• **Given information**
*** Block opens ***

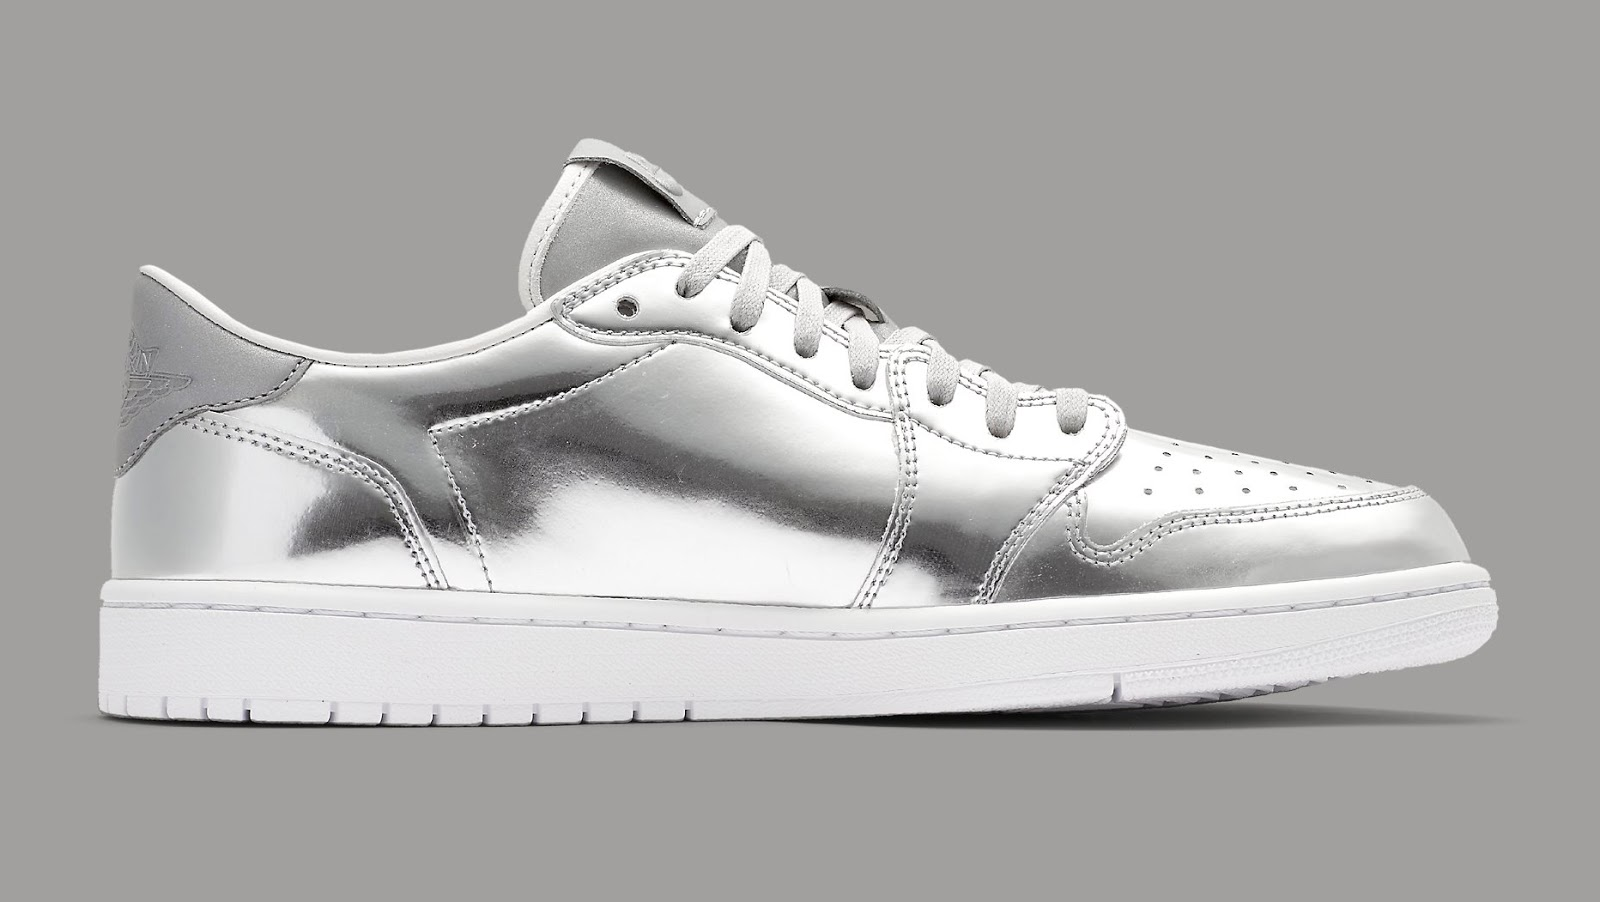 3d7913ccdd629b The gold Pinnacle Air Jordan 6 is a sneaker that will release alongside  similar metallic styles
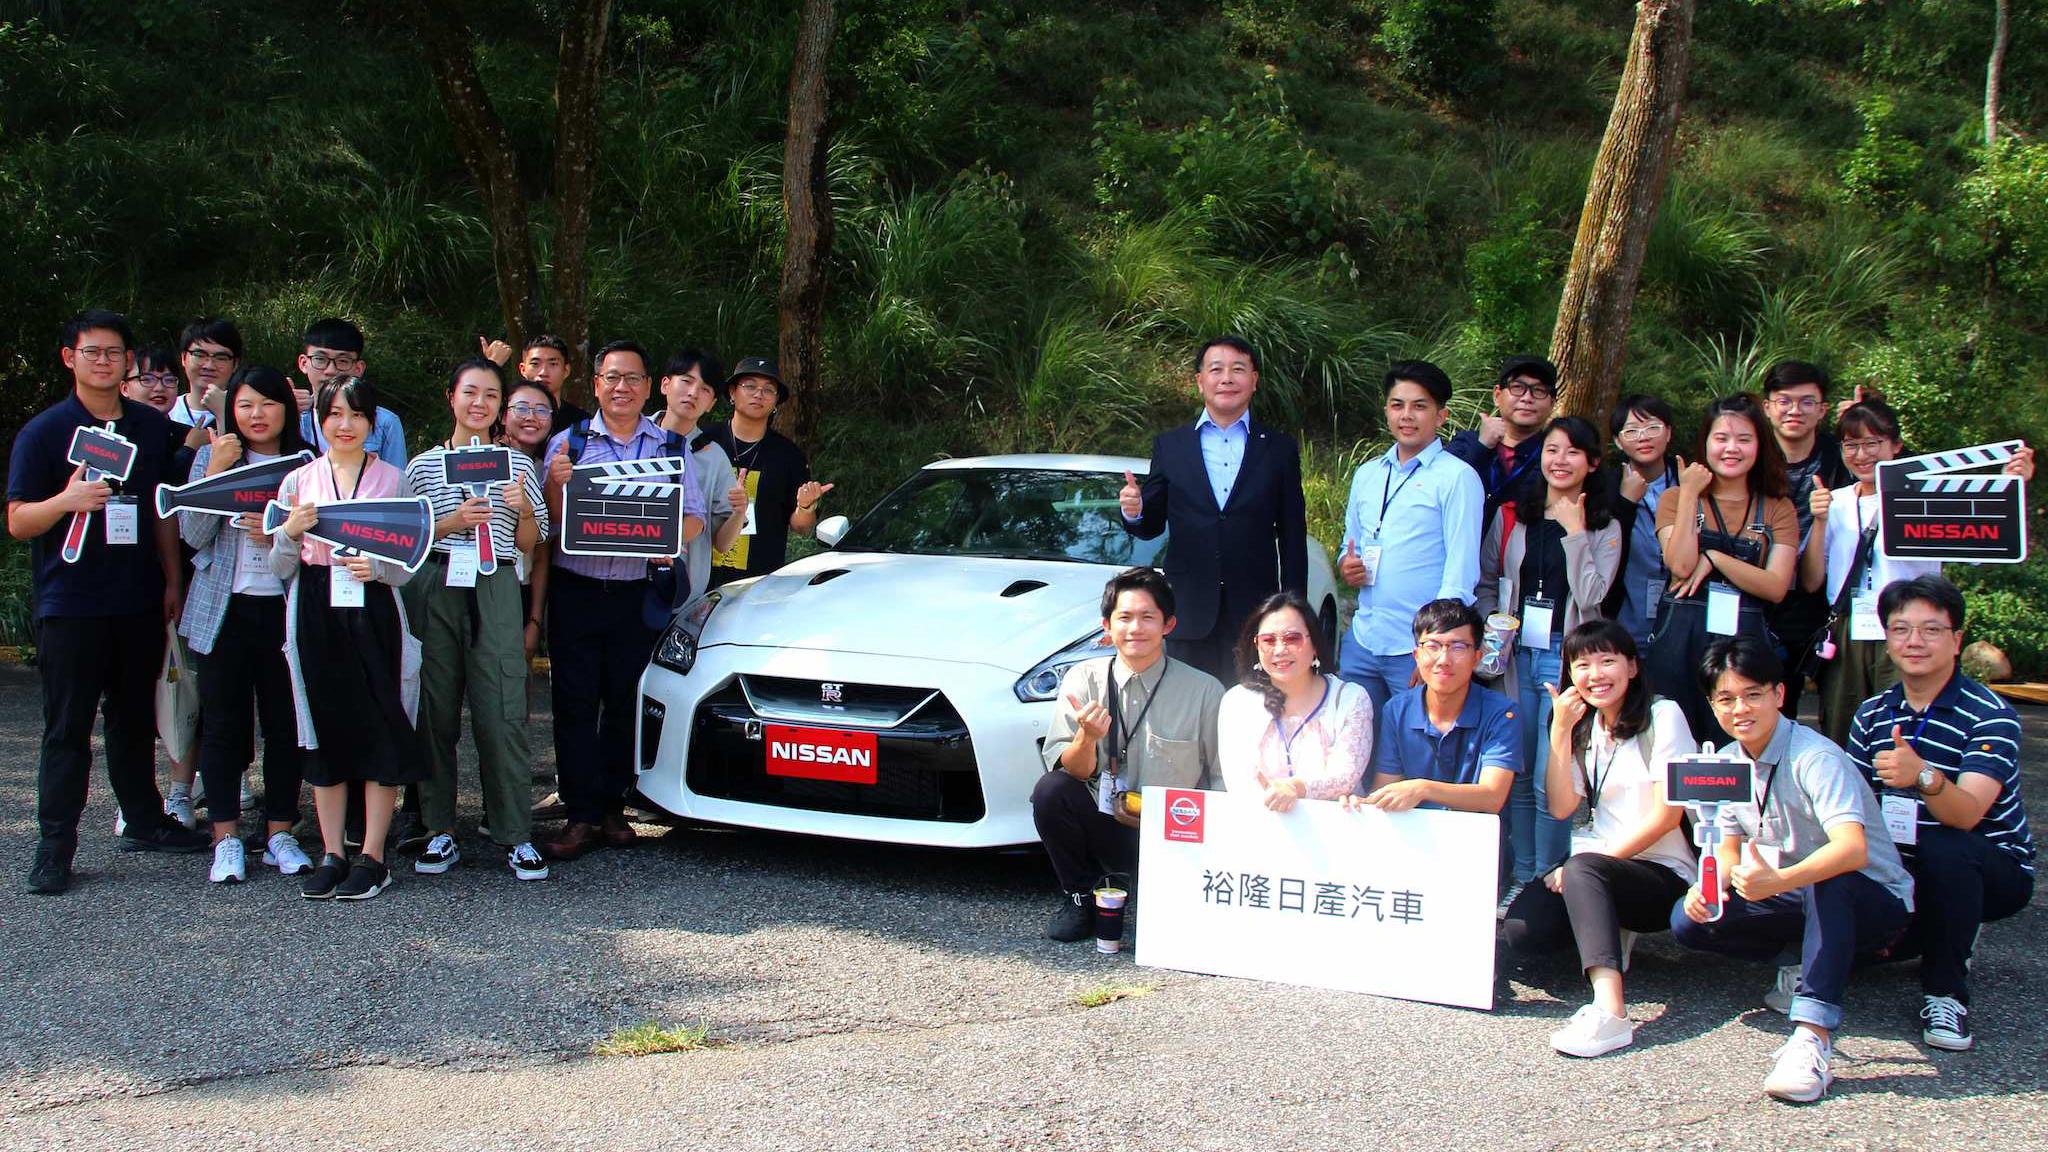 Nissan Leaf for Change 決選團隊參訪裕隆日產,GT-R 試乘與 Workshop 激發靈感
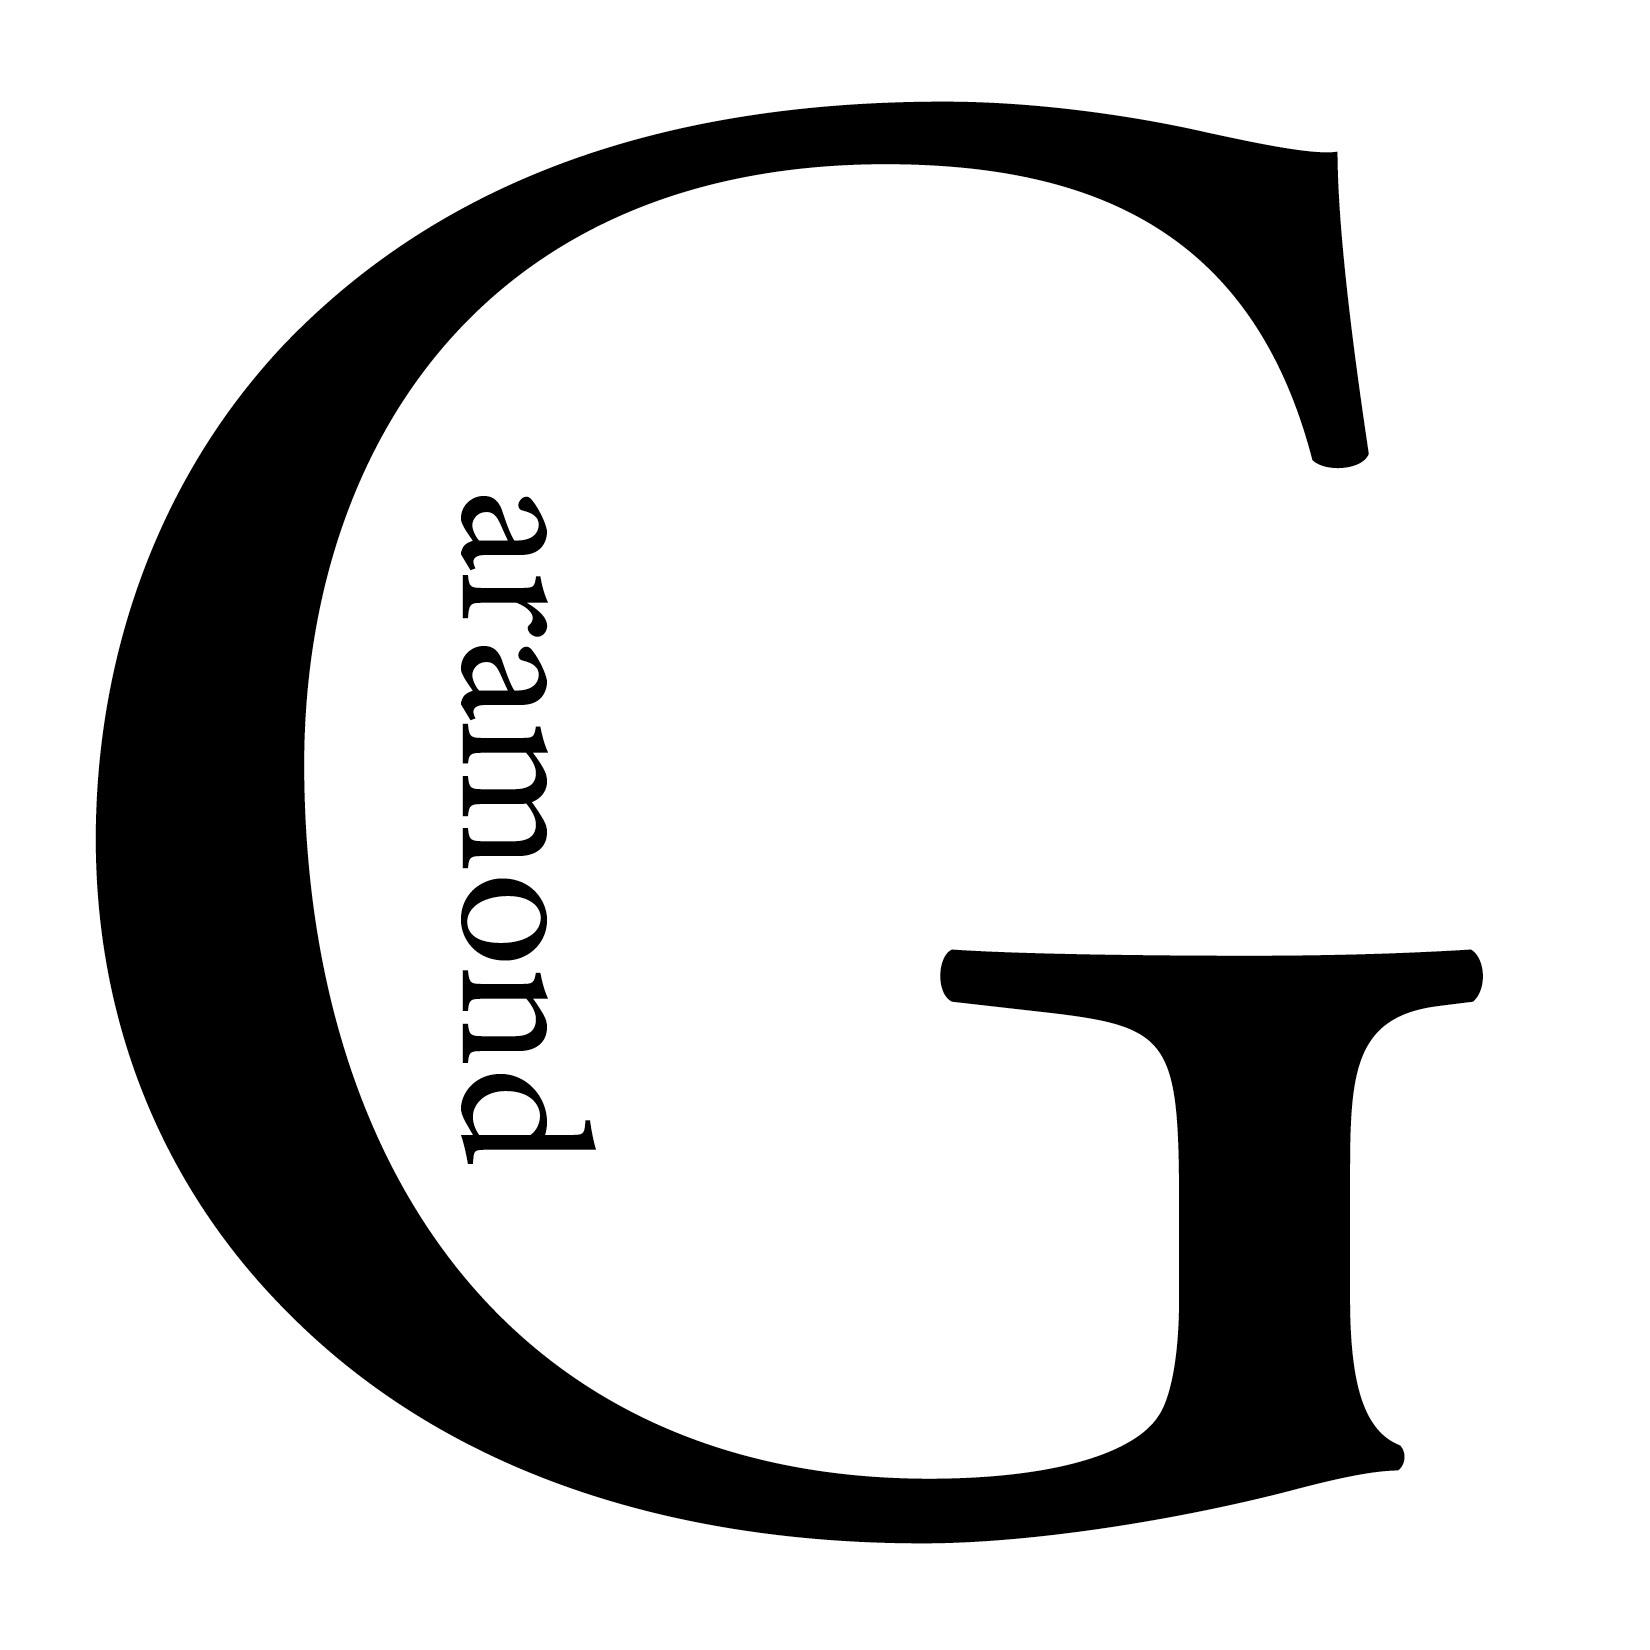 Robertson Final Typebook

*** Block closes ***

• **Exercise objective**
Omit the pictures, then set down all the remaining data exactly as given.

• **Exercise answer**
 3d7913ccdd629b The gold Pinnacle Air Jordan 6 is a sneaker that will release alongside  similar metallic styles
 Nissan Leaf for Change 決選團隊參訪裕隆日產,GT-R 試乘與 Workshop 激發靈感
 Robertson Final Typebook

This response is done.